Stored data ::

+++

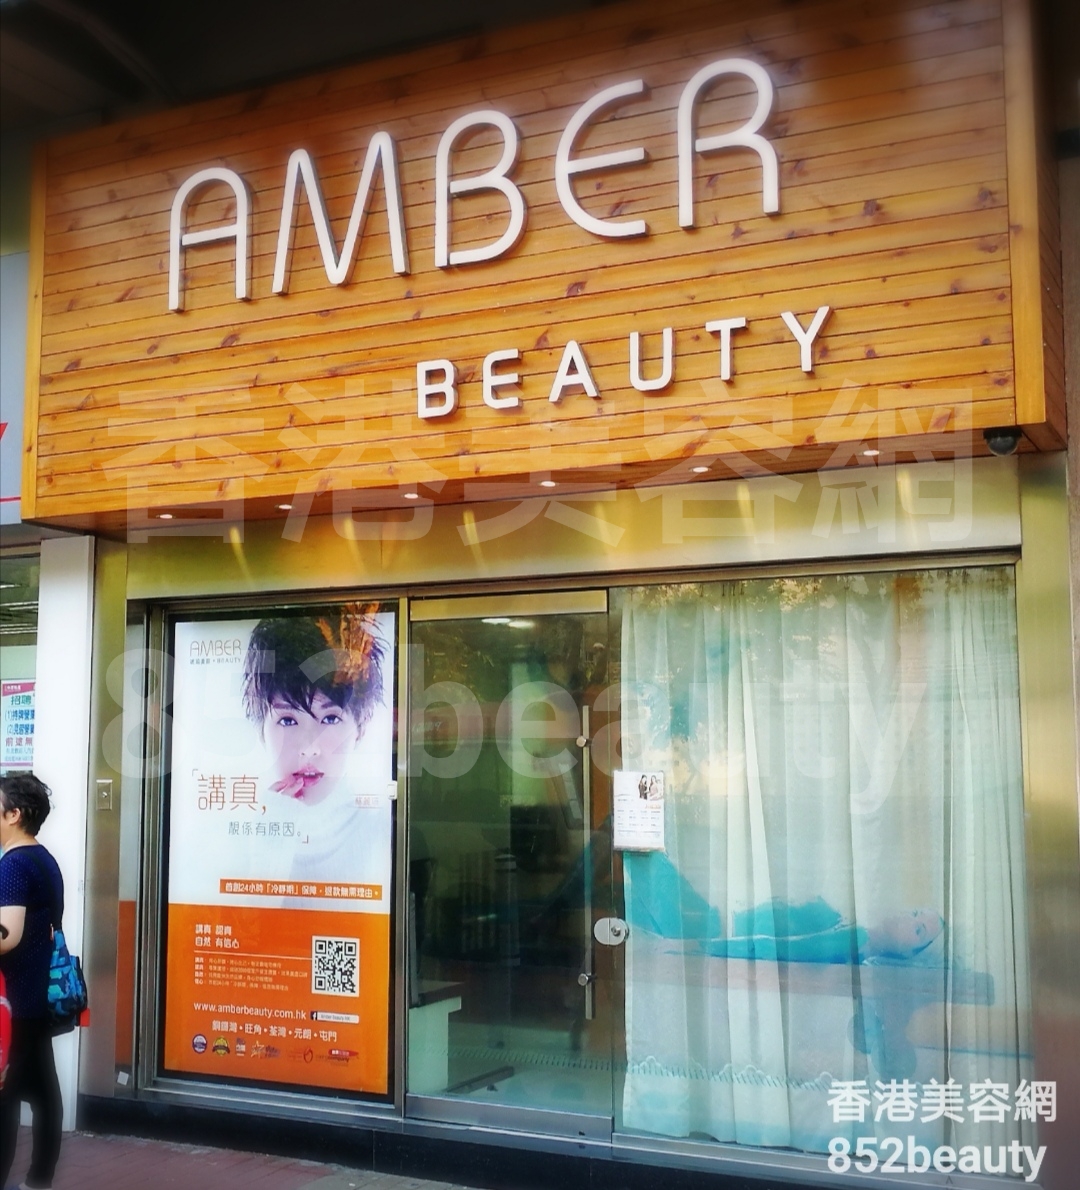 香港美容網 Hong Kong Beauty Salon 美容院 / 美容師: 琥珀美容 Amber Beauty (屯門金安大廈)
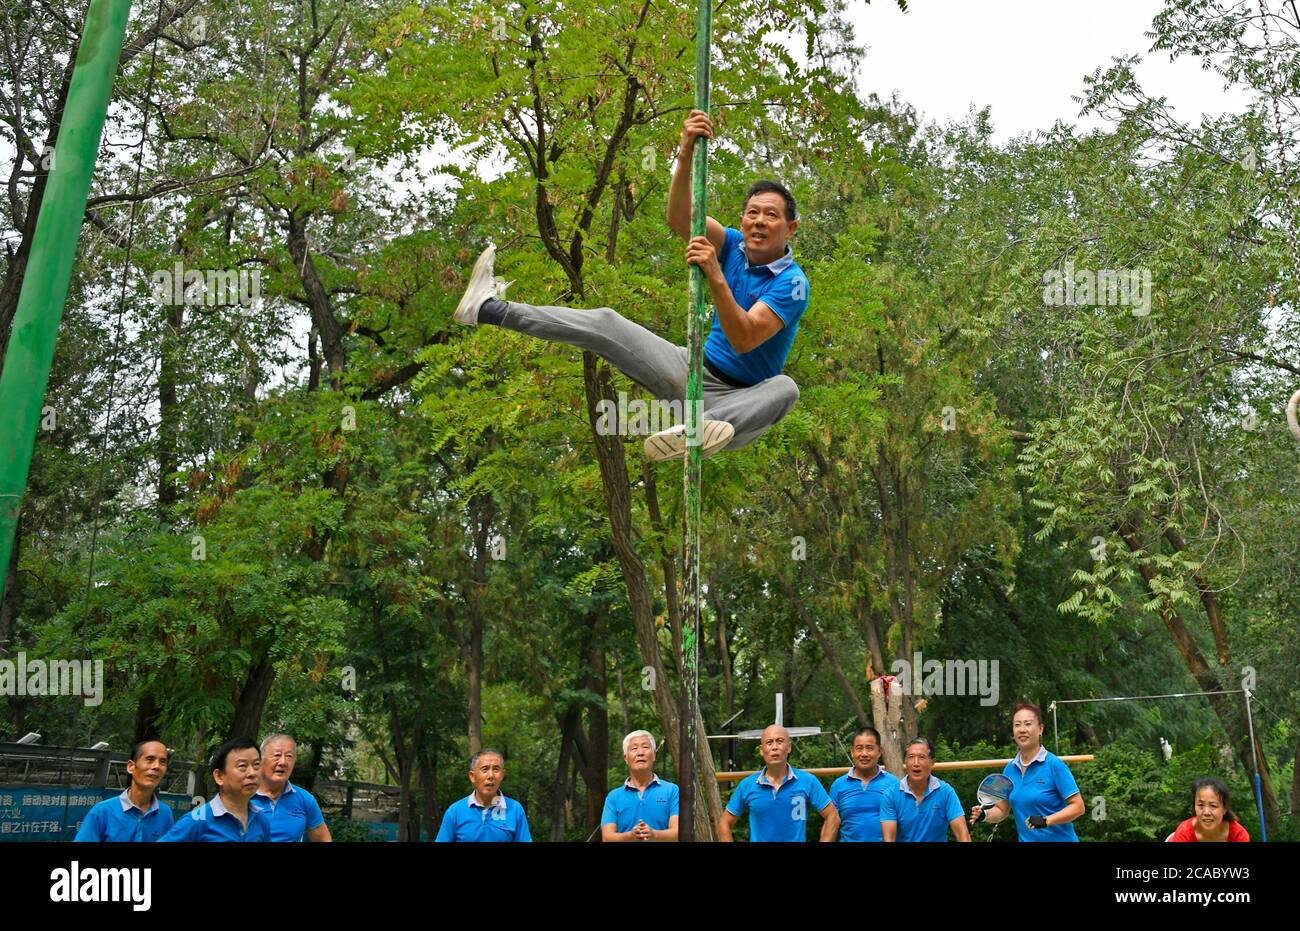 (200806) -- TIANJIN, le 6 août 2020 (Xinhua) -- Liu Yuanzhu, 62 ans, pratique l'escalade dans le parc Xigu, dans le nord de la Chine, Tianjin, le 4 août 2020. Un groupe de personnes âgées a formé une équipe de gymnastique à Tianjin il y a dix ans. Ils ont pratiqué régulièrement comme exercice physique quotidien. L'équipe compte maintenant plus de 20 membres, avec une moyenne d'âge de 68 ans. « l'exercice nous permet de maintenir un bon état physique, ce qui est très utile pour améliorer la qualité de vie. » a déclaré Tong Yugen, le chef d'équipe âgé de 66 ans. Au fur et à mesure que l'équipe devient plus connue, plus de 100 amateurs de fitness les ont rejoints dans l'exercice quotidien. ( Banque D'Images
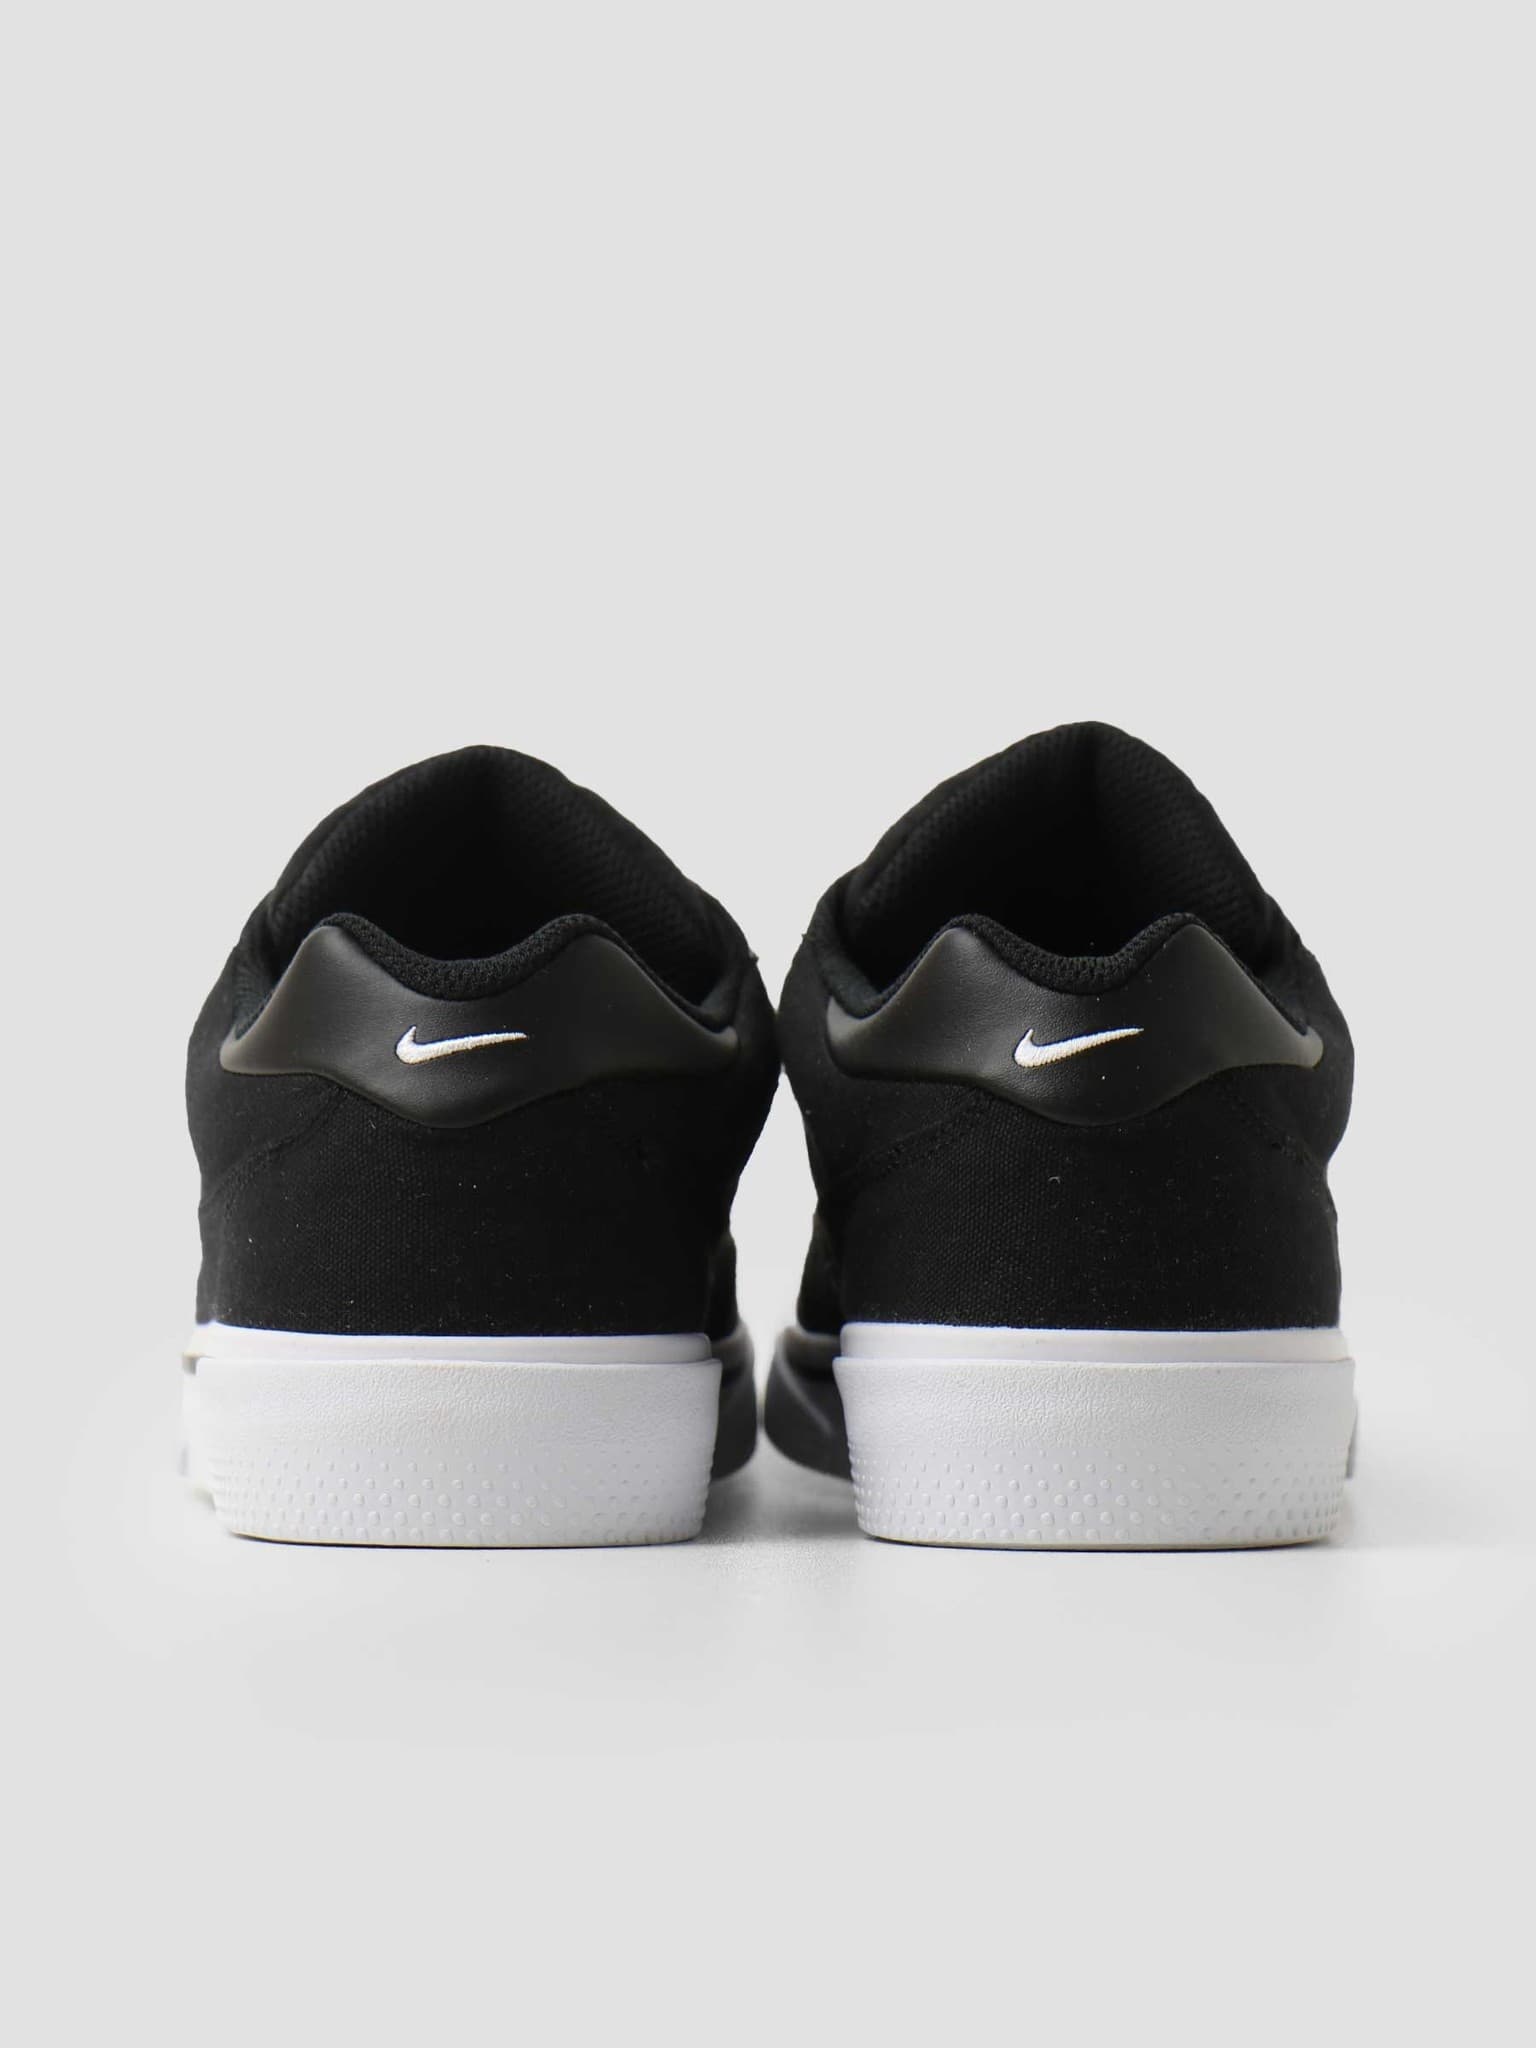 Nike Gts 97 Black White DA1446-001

+++

When you repeat the listing, keep it exact and leave the pictures behind.

Result below ::
 香港美容網 Hong Kong Beauty Salon 美容院 / 美容師: 琥珀美容 Amber Beauty (屯門金安大廈)
 (200806) -- TIANJIN, le 6 août 2020 (Xinhua) -- Liu Yuanzhu, 62 ans, pratique l'escalade dans le parc Xigu, dans le nord de la Chine, Tianjin, le 4 août 2020. Un groupe de personnes âgées a formé une équipe de gymnastique à Tianjin il y a dix ans. Ils ont pratiqué régulièrement comme exercice physique quotidien. L'équipe compte maintenant plus de 20 membres, avec une moyenne d'âge de 68 ans. « l'exercice nous permet de maintenir un bon état physique, ce qui est très utile pour améliorer la qualité de vie. » a déclaré Tong Yugen, le chef d'équipe âgé de 66 ans. Au fur et à mesure que l'équipe devient plus connue, plus de 100 amateurs de fitness les ont rejoints dans l'exercice quotidien. ( Banque D'Images
 Nike Gts 97 Black White DA1446-001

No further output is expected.